Acetaminophen is often effective in OA and is associated with fewer adverse reactions than NSAID. Available evidence supports the recommendations of recent guidelines to use acetaminophen as initial therapy for OA in addition to nonpharmacological interventions. Further research is needed to establish the efficacy of NSAID or acetaminophen in relevant subgroups of patients. We agree with guidelines that it is important that treatment is tailored to individual patients taking into account the severity of symptoms, previous use of acetaminophen, and the patient's knowledge, expectations, and preferences.

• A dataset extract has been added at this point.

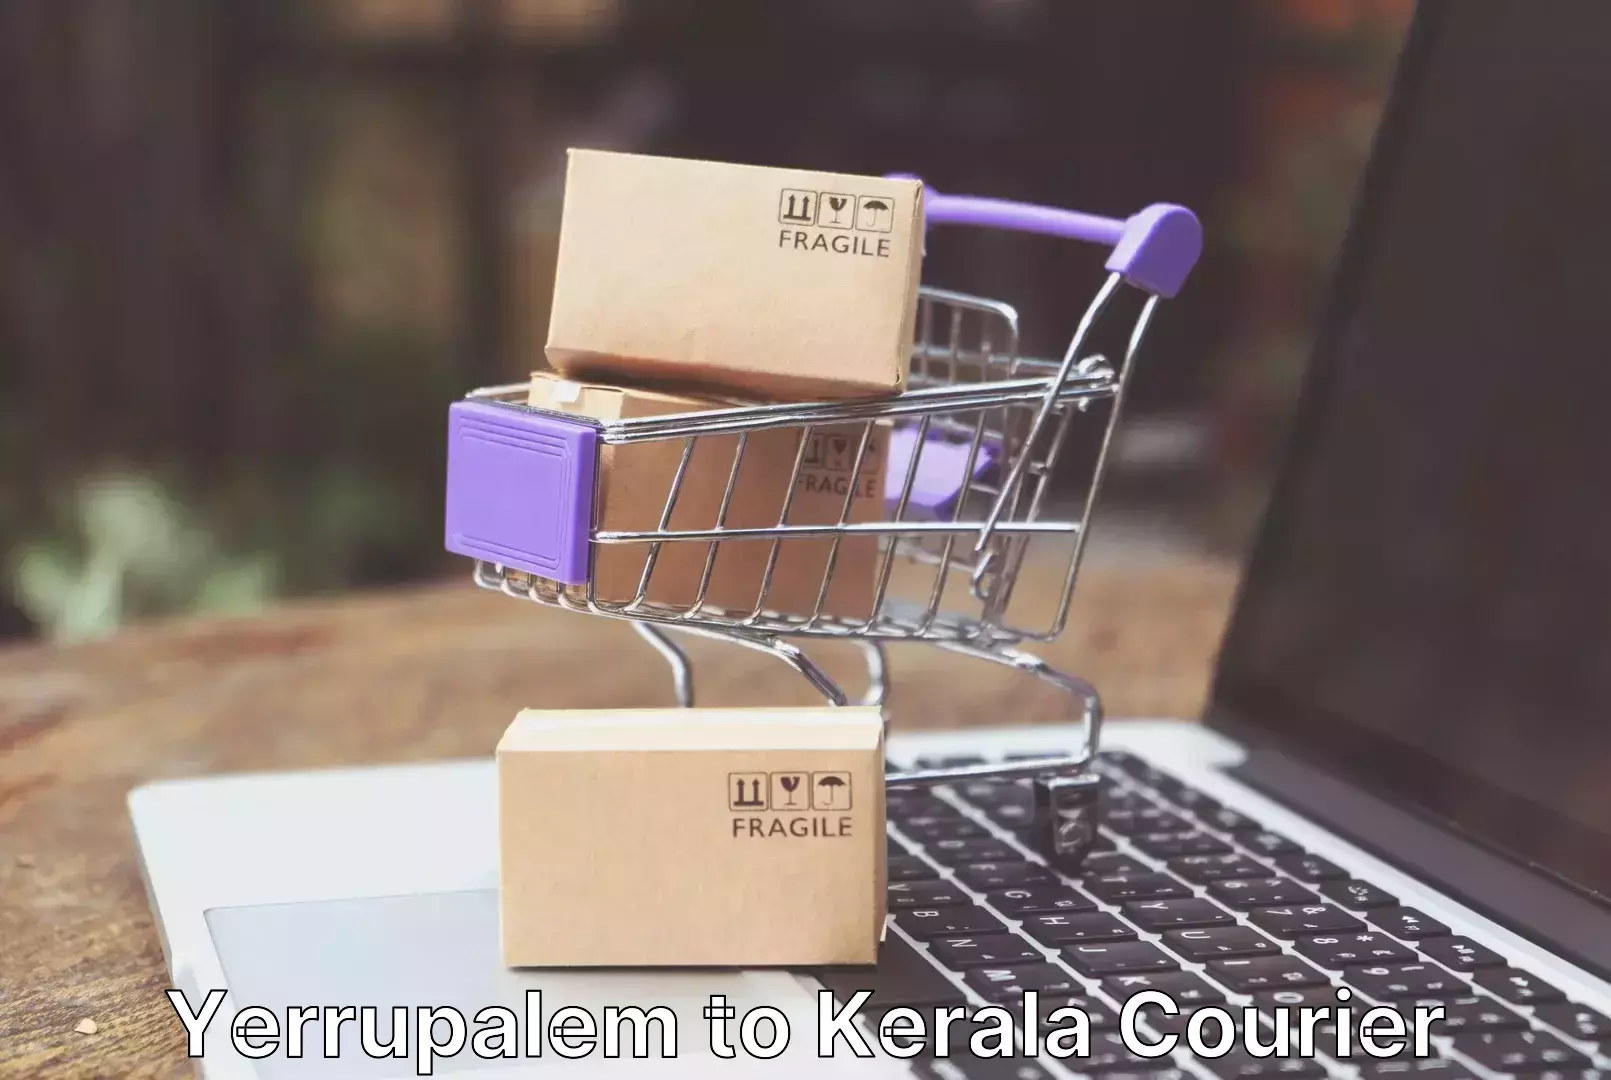 Professional moving company Yerrupalem to Kerala

非甾体抗炎药(NSAID)与对乙酰氨基酚在骨关节炎(OA)中的相对疗效的现有证据解读近来备受争议。本系统评价总结了NSAID与对乙酰氨基酚疗效的现有证据,并比较了关于OA药物治疗的临床指南的质量和内容。
通过系统检索文献数据库和相关网站,识别已发表的随机对照试验(RCT)报告和临床指南。由2名审阅者独立使用标准化清单评估RCT的质量。这些RCT的数据用于计算组间疼痛和残疾的合并差异。使用AGREE(研究与评价指南评估)工具评估所识别指南的方法。
检索策略共识别出5项RCT。对3项方法适当且数据呈现充分的试验的数据进行统计合并,得出一般疼痛的合并标准化均差为0.33(95%CI 0.15至0.51),表明NSAID有小的优势。其他结局指标的合并估计值较小。9项识别出的指南中有3项比其他指南更符合AGREE标准,尤其是在制定的严谨性方面。大多数指南对利益相关者的参与、适用性和编辑独立性描述不足。关于使用NSAID或对乙酰氨基酚的推荐内容相当一致。
对乙酰氨基酚在OA中通常有效,且与NSAID相比不良反应较少。现有证据支持近期指南的推荐,即除了非药物干预外,将对乙酰氨基酚作为OA的初始治疗。需要进一步研究以确定NSAID或对乙酰氨基酚在相关患者亚组中的疗效。我们认同指南观点,即考虑症状严重程度、既往对乙酰氨基酚使用情况以及患者的知识、期望和偏好,为个体患者量身定制治疗非常重要。